3 L’analyse du processus de médiatisation de ce classement a ainsi mis au jour les conditions et les caractéristiques discursives de sa diffusion, de 2003 à 2014. L’approche qui a été privilégiée est longitudinale et basée sur la constitution de corpus de presse exhaustifs (presse écrite généraliste et agences de presse) ainsi que sur des entretiens menés auprès de journalistes et d’acteurs de l’ESR. Compte tenu de la problématique retenue, les critères de constitution des corpus sur la moyenne durée n’ont pas privilégié un type d’organe de presse a priori afin de pouvoir identifier les journaux et les agences de presse qui avaient été leaders. Si la matérialité discursive a été analysée à l’aide d’outils de statistique textuelle (corpus de plus d’un million d’occurrences), les corpus ont également permis de prêter attention à d’autres types de données, comme les organes de presse, la date de traitement ou le profil des acteurs cités ou qui se sont exprimés.

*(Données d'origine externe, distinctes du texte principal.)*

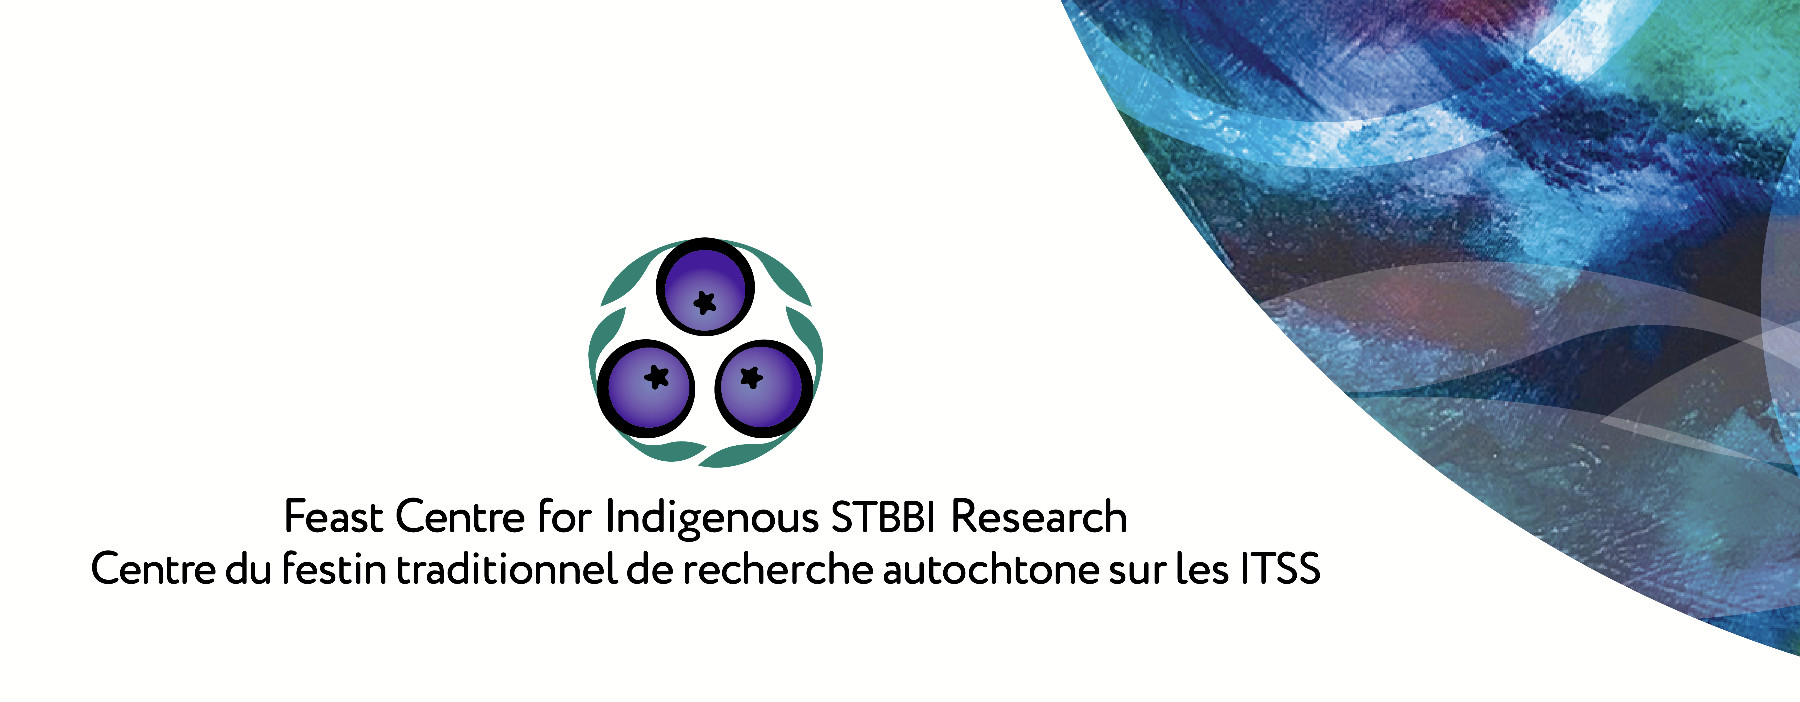 The Feast Centre for Indigenous STBBI Research, centre du festin traditionnel de recherche autochtone sure les ITSS

4 Cette recherche a mis l’accent sur les caractéristiques du processus et sa dimension dynamique et a articulé l’étude du profil des acteurs à celle des discours sur le classement, en accordant à leurs conditions de production une place centrale. Elle a permis d’objectiver les modalités de co-construction du processus, en particulier les rapports de force qui s’exercent dans et par les discours entre les acteurs des champs médiatique, académique et politique. La notion de co-construction permet d’éviter une sur-interprétation des logiques médiatiques, en l’occurrence une forme de médiacentrisme que pourrait induire le recours à des corpus de presse. Il s’agissait de prêter attention aux logiques de presse tout autant qu’aux stratégies d’acteurs en discours, afin de montrer la pluralité des logiques en présence dans le processus de médiatisation et en particulier leur lien avec les débats sur l’ESR, que ce soit les débats de 2003 liés au mouvement mené par des biologistes de l’Institut Cochin qui contestaient la Loi d’orientation et de programmation pour la recherche et l’innovation de 2003 (mouvement qui va s’étendre et conduire à la mise en place d’états généraux de la recherche, de même qu’à la diffusion de deux pétitions) ou bien que ce soit ceux de 2007 en lien avec les mobilisations suscitées par l’adoption en août d’une loi phare du quinquennat de Nicolas Sarkozy à la Présidence de la République, la loi dite LRU (Libertés et Responsabilités de Universités).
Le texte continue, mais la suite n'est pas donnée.